Another reason to ditch PowerPoint in this context: someone will inevitably interrupt your presentation with a question, generally around slide 2 or 3, looking for an answer you've likely given on slide 6. If you've prepared your presentation well and timed how long you will need to get through everything, congratulations, your flow has just been interrupted and you may never get to the end. I won't say I'm a perfect listener; as an invested participant in the meeting, I find myself wanting to interrupt all the time to get additional clarity on some point that may or may not be germane to the flow of the presentation.

So, without PowerPoint, what medium can you use to present data to the organization? I submit that a written report, like many of us used to make in high school, is the right way to go. It should contain sections for an introduction, materials and methods, results, and conclusions, and I'll go into what each section looks like more completely shortly. I'm not alone in adopting this approach; Amazon famously uses written reports for their planning sessions. Ultimately, these data science report presentations become planning sessions, albeit on a different timeline and for a different purpose than what I'm told Amazon does internally.

This report performs several vital functions:

It will help you and your team to organize your thoughts. Unlike a PowerPoint presentation, written reports require that you have complete thoughts, one after another, building towards a set of conclusions clearly and methodically. If you read your report aloud and realize you don't know how you reached a particular conclusion, it is time for a rewrite.
It will create a touchstone for further conversations with people who aren't in the meeting. I often find myself talking with people who just want to know what the team is up to; I happily hand them a bunch of reports and tell them I'd love to schedule a follow-up conversation to cover any questions or concerns they may have. If I have a follow-up conversation, that conversation tends to be far more productive since the other person will have as much context as anyone else.
It will provide foundational documents for patent conversations.
It will be training material for onboarding new team members.
It will provide as detailed and as documented a record that anyone could expect of how certain decisions came to be. I've been in too many calls where an executive actively wonders how we "got into this mess" without wanting to have some historical record.
It can serve as the foundation for any external publications. You and your team members may be very interested in publishing your work in any manner of ways (conference? blog? presentation?) and having source material on hand changes the task into adapting already written material rather than starting from scratch.
If anyone on your team does not speak English as their primary language, they may lose the flow of conversation or not understand some points made in a presentation. Writing everything down gives them time to parse the report's contents at their own speed, especially if you send the report out the day before so they can be as prepared as everyone else in the meeting.

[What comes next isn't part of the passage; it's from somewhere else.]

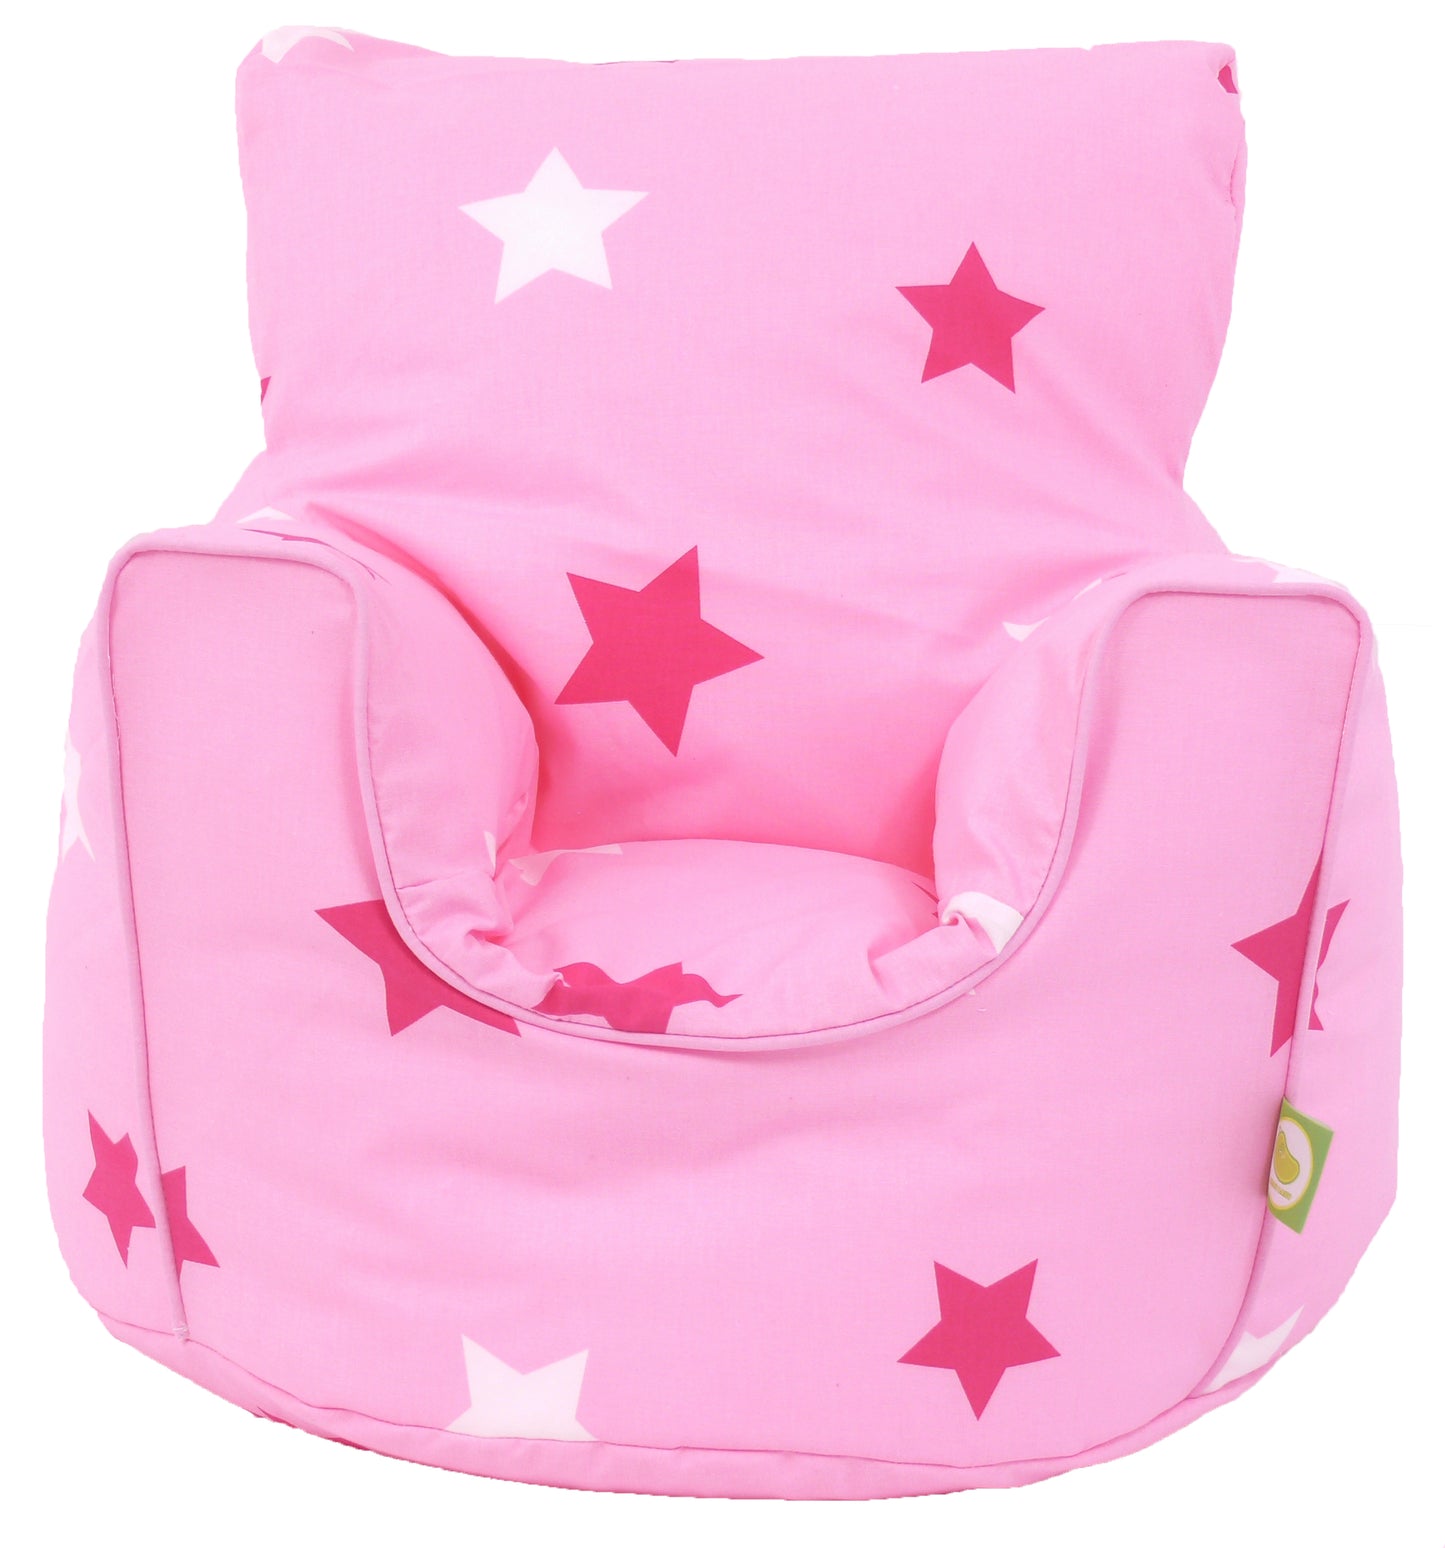 Cotton Pink Stars Bean Bag Arm Chair with Beans Child / Teen size
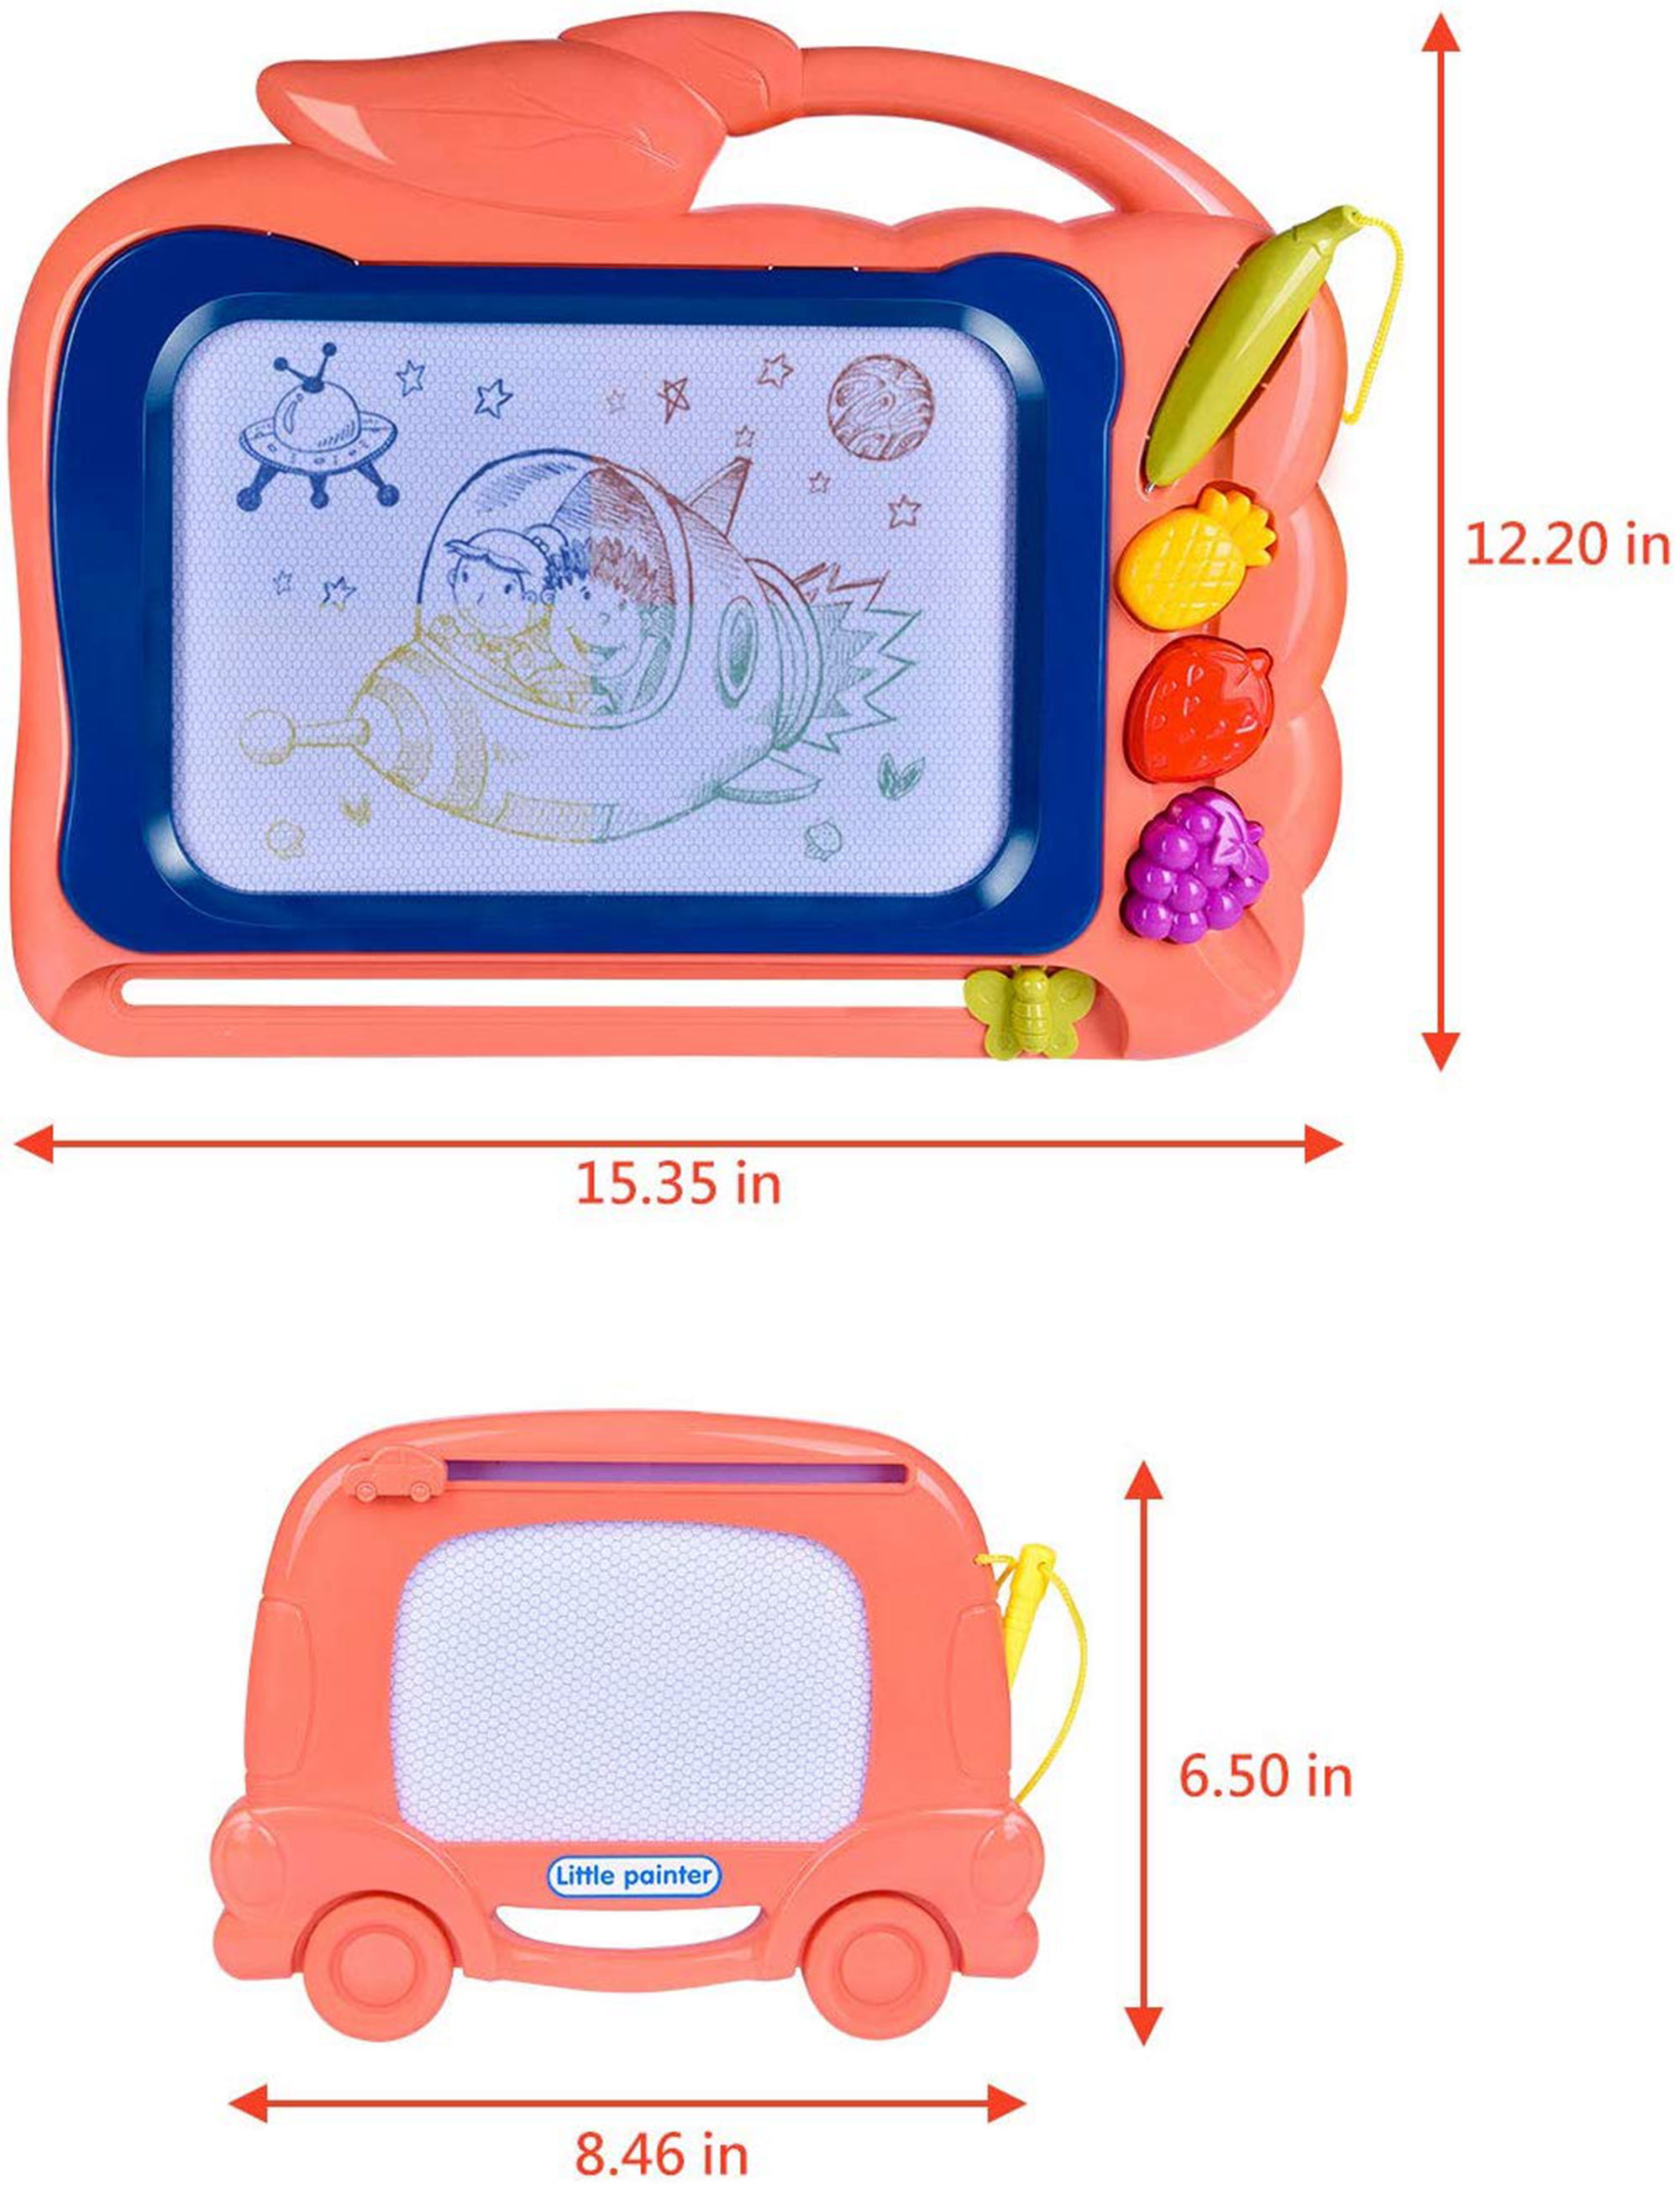 Playkidz 2 pack Color Doodler Magnetic Drawing Board Toy for Kids, Large  Doodle Board Writing Painting Sketch Pad, Write and Play, Draw and Stamp

But what are the drawbacks?

Time. These reports take some time to write. I typically set aside a week's time to get everything together, including graphs for the results sections, DAGs/code for the methods section, and just writing itself. Some tools can help, especially MLOps tools that can capture model training metrics, but in the end, everything needs to be compiled into a single document.
Not everyone's a writer. Most data scientists were trained in math, statistics, computer science, and engineering, and those disciplines tend to be light on writing. If you have team members who've gone to graduate school, chances are they have some experience with this kind of formal writing, but that still does not mean they are good at it. The problem can be ameliorated somewhat with practice and (now) with some generative AI tools.
Resistance. People who know that they don't know how to write well can be resistant to writing, and those who don't want to read can be resistant to reading. I've overcome this hurdle by asking people to trust me for one report cycle; the results are usually so overwhelmingly positive that I don't have to keep begging. I do, however, have to set aside quite a bit of time for editing.
English as a first language (or whatever language you write in as a first language). If your team works primarily in Language A, but the person who did the work mainly speaks Language B, they may not be comfortable writing and communicating deeply technical concepts in Language A. I argue that this discomfort can only be addressed by working directly to increase the contributor's comfort in Language A. To put it another way, practice makes perfect, and this point could be considered a benefit rather than a drawback from the standpoint of developing the skills of the people on your team.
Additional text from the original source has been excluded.